Jet trails are changing the weather of the Midwest -- and possibly much of the rest of the country -- creating more clouds, cooler days and warmer nights, according to weather researchers at the University of Illinois.

Cloudiness over the Midwest has been slowly increasing since the turn of the century, but beginning in the 1950s with the introduction of commercial jetliners, cloudiness and its temperature effects have increased sharply, the illinois researchers said.

Today the Midwest has 30 fewer clear days a year that it did in 1900: 90 now compared with 120 then. This increase in cloudiness has also caused a steady narrowing of daily temperatures, so that the high and low temperature readings for a day are steadily coming closer together. The Illinois team now is working to calculate how much more rain and snow, if any, is caused by the increased cloudiness.

"The bottom line on this research is economics," said Richard Semonin, one of the leaders of the research team. "At the end of the study, we hope to calculate the economic benefit or disbenefit from reducing temperature stresses [warming the coldest nights and cooling the hottest days], and from additional rainfall. This may be having a significant impact on energy use and on agricultural production."

The effects of the cloudiness seem so far to be positive, Semonin said, but no final statement on the subject can be made until the study, financed by the National Science Foundation, is finished, which will require several years.

Cloudiness generally has two important effects. In the daytime, clouds block the sun and hold temperatures down, an important fact when air conditioners are running in the summertime. In the winter, the heat generated during the day remains longer at night because clouds prevent warm air from escaping up into the atmosphere. So less heating may be necessary at night.

In addition, many plants are damaged by temperature extremes in the summer and winter. Reduction of these extremes should benefit farmers considerably, Semonin said.

He said that his study only covered midwestern skies, but he believes similar weather effects are probably occurring in other parts of the country and the world wherever there is heavy jet traffic. In the United States, such areas would include the East Coast, part of the South and parts of the West especially Denver.

A jet produces a cloud -- or contrail -- behind it because its exhaust consists primarily of water vapor, carbon dioxide and stray unburned paricles of carbon compounds. The tiny stray particles form the "seeds" on which water collect, forming water beads or ice crystals that can be seen.

About one or two days a week, the air at high alitudes reaches 100 percent humidity so that is is saturated with water in the form of tiny ice crystals. Then the additional vapor poured out of the jet engine does not evaporate quickly, and the water beaded on stray particles changes from a temporary plume behind a jet into a long-lasting contrail cloud.

In the midwestern sky, which is traversed by more jets than any other area of the country, the clouds formed from contrails slowly spread out over hours.

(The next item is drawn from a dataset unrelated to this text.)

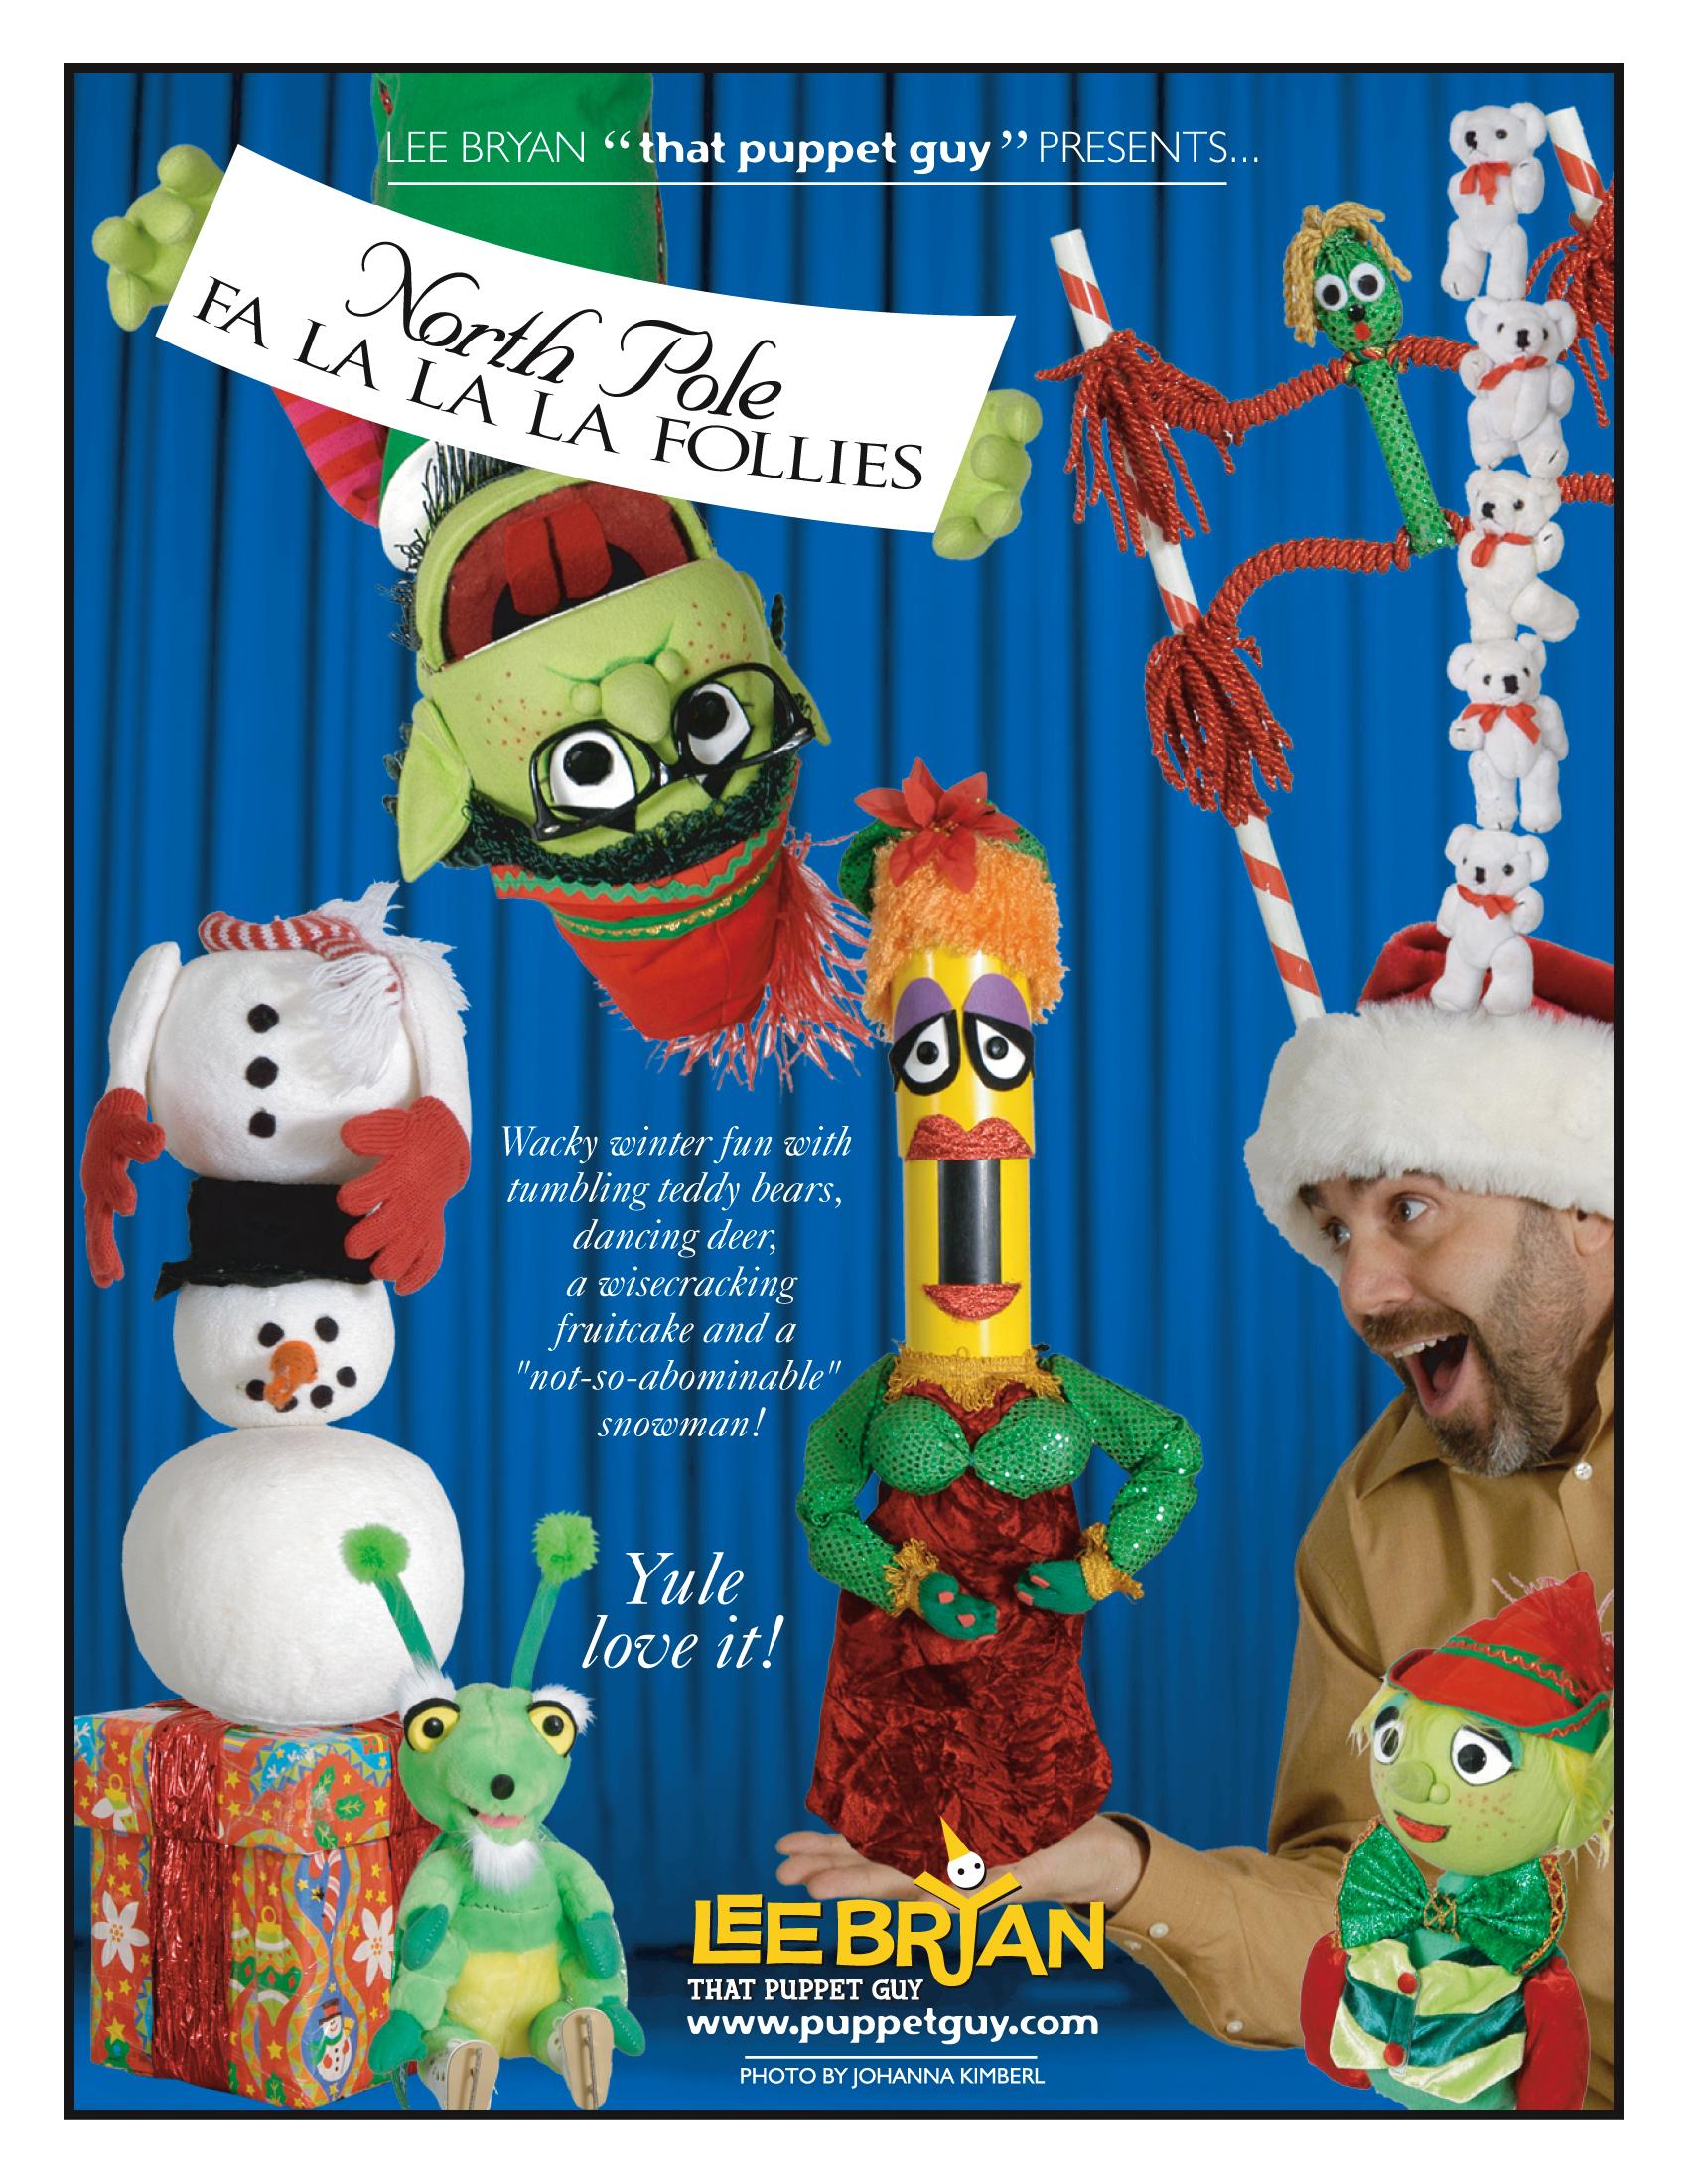 Publicity Slick The North Pole Fa-La-La-La Follies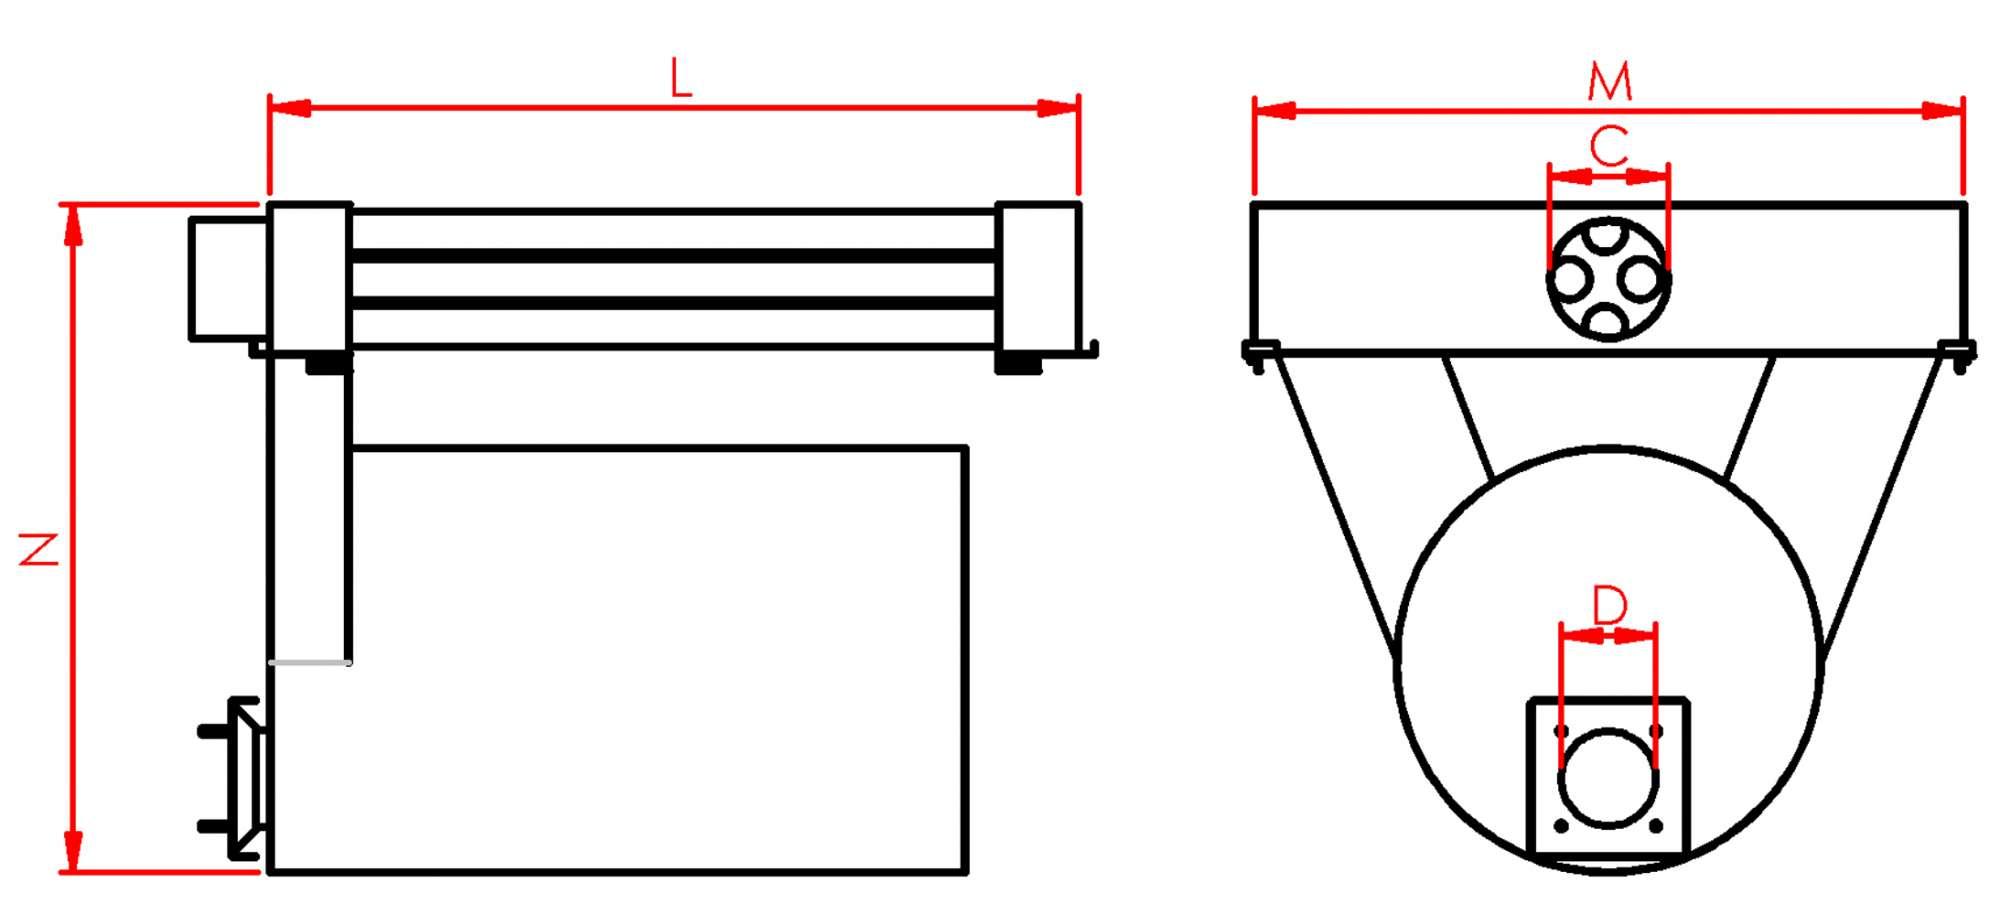 Теплообменник ростов камера прокладки под теплообменник астра g

Layers of them, some visible and some spread too thinly to be visible, reflect the sunlight upward and deflect rising heat downward.

In measuring the cloudiness from 1950 to the late 1970s, researchers could make detailed comparisons since modern weather bureaus have kept track of cloudiness by looking at the sky every three hours and estimating the percentage of sky covered with clouds. The eight sightings a day are added to get the daily cloud figure. Over a year, the maximum possible cloud cover points would be 2920.

During a year in Moline, Ill., in the early 1950s, the total cloud coverage number was about 500. In the 1970s, the number had risen to 800, Semonin said. Another city in the heart of the jet flyways, Fort Wayne, Ind., also jumped from 500 to 800 in cloud cover over two decades.

Cities on the fringe of the heavily traveled flyways showed much smaller increases. Evansville, at the southern tip of Indiana, had an increase in the cloud cover from 625 to 650. Duluth, to the north of the heaviest flying, increased from 600 to 700.

The temperature change measurements made by the Illinois group were done by taking the high and low temperatures for a day and subtracting them to get a difference. This difference was then averaged for each month.

To determine whether there was a trend in the differences, researchers counted only months that showed a narrowing difference in the daily highs and lows from the month before.

At the turn of the century, only two or three months a year had narrowing temperature differences -- there was no trend.

But starting in about 1952, the numbers began to change dramatically, until by 1968, all 12 months of the year showed narrower temperature differences than the month before. From 1968 to the present, every year has continued the trend.

The benefits of increased cloudiness that may be expected are enough to have gotten another researcher, Dr. Andrew Detweiler of the State University of New York at Albany, to begin looking into the possibility of deliberately causing clouds to form at certain times -- to save crops in some areas and cut severe fuel bills in others.

Detweiler suggests flying an airplane back and forth at high altitudes slightly upwind of the area to be covered. Instead of relying on the plane's contrails to make the clouds, Detweiler would seed the air with small amounts of silver iodide, the conventional cloud-seeding chemical.